■ HOW TO COMPLETE THIS TASK
Copy out each entry below verbatim, skipping the images.

** RAW DATA follows **

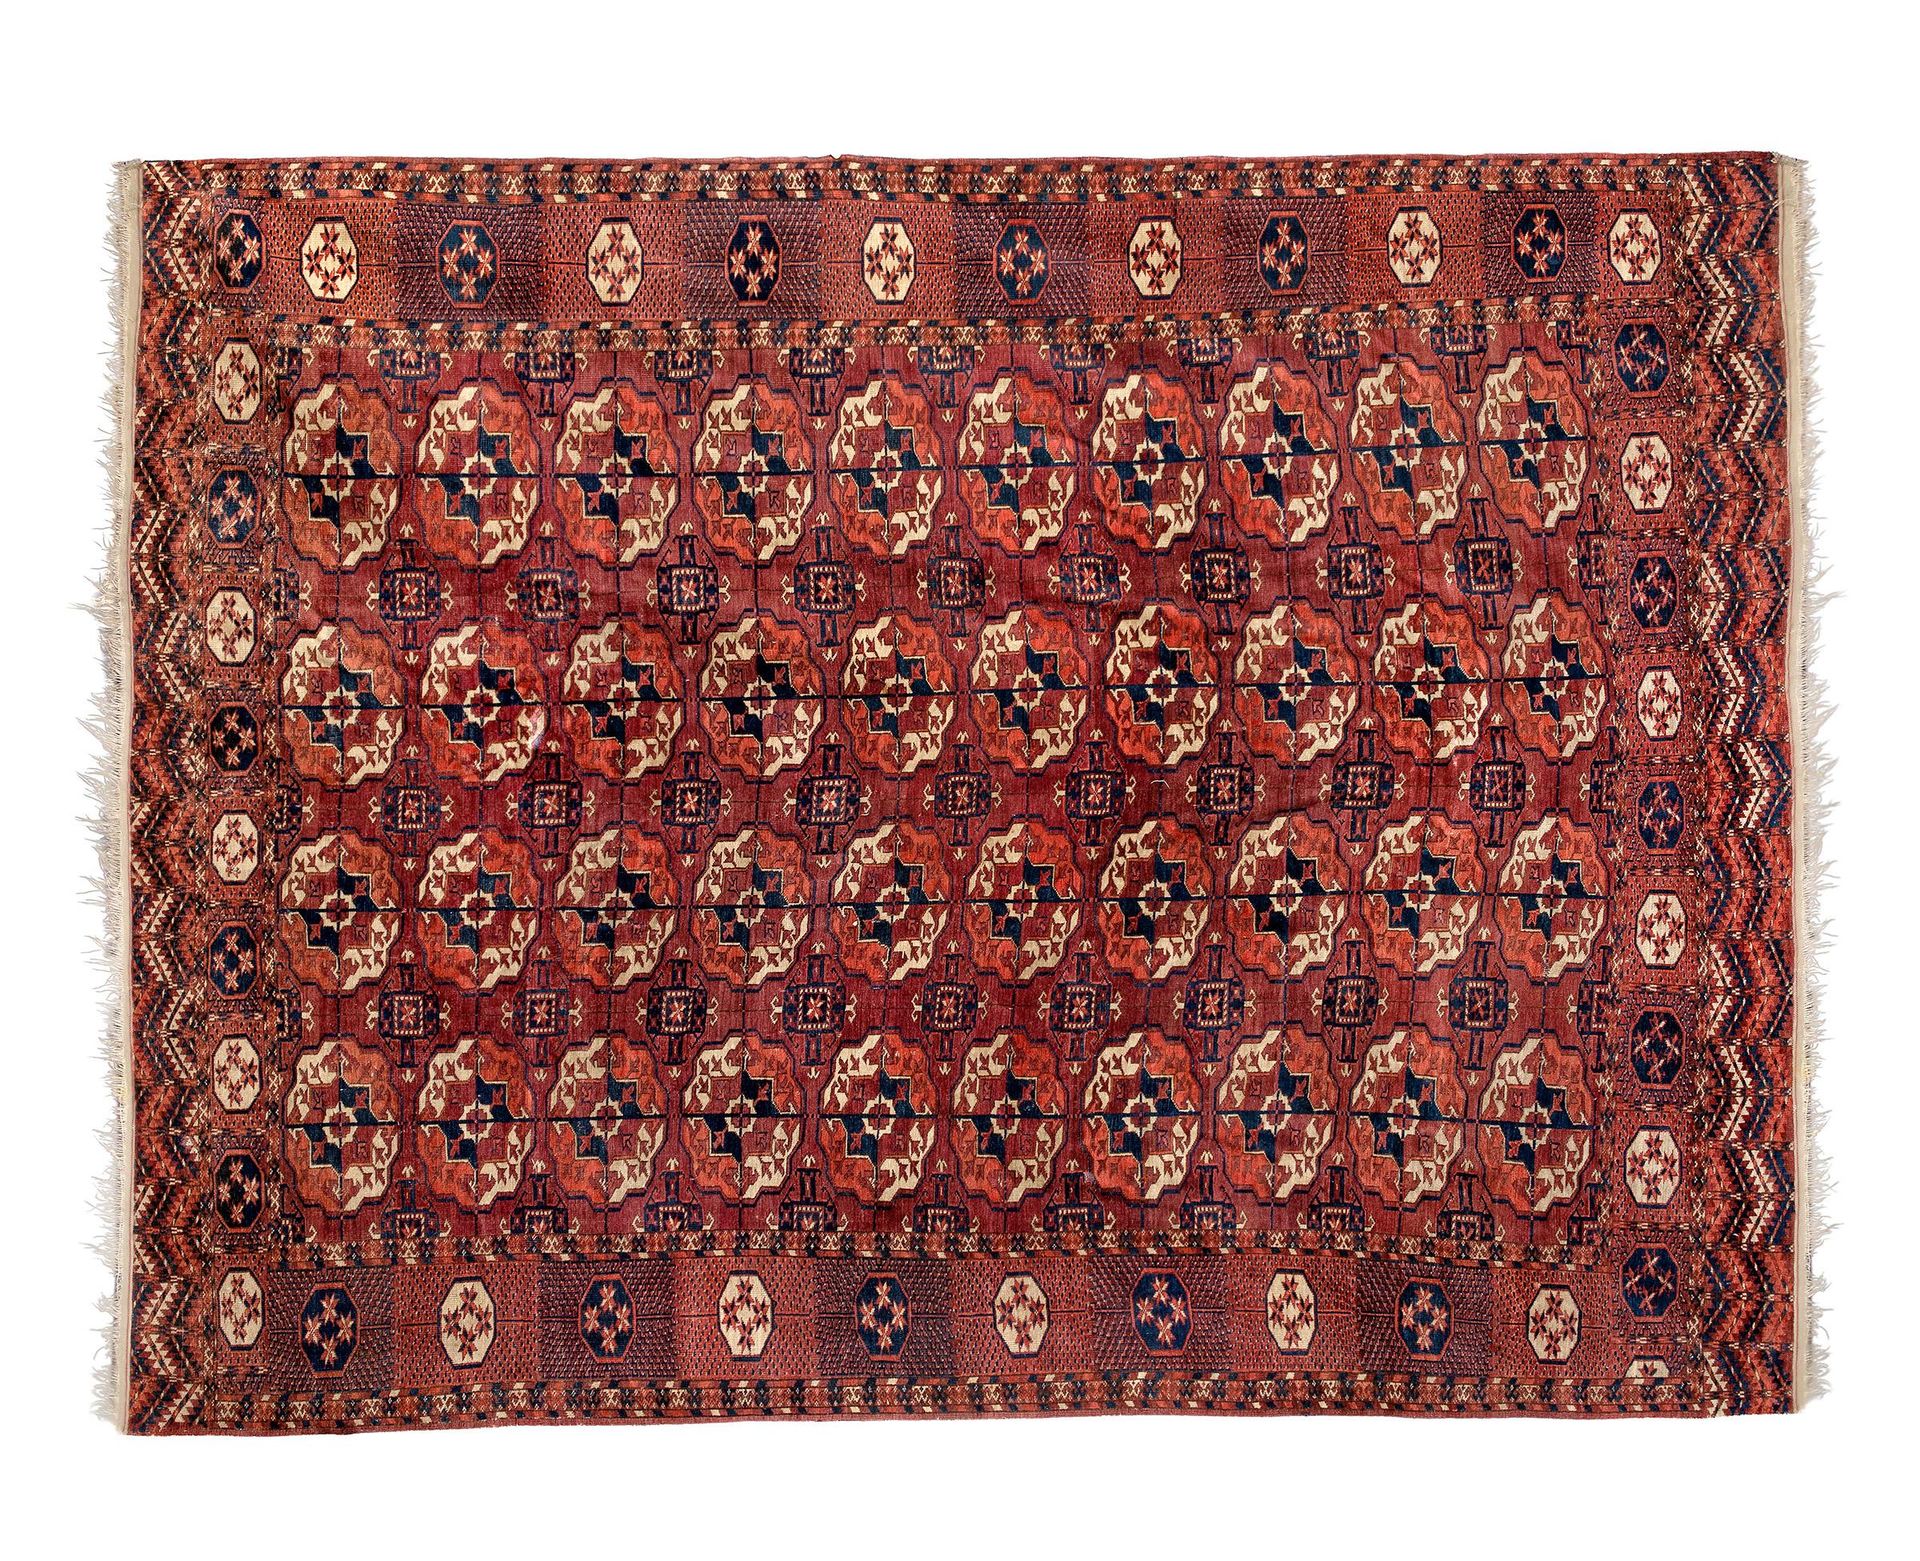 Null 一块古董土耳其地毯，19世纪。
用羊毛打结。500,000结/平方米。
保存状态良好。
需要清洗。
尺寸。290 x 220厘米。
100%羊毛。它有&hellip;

** End of RAW DATA **

■ ANSWER FOR THE TASK
 Null 一块古董土耳其地毯，19世纪。
用羊毛打结。500,000结/平方米。
保存状态良好。
需要清洗。
尺寸。290 x 220厘米。
100%羊毛。它有&hellip;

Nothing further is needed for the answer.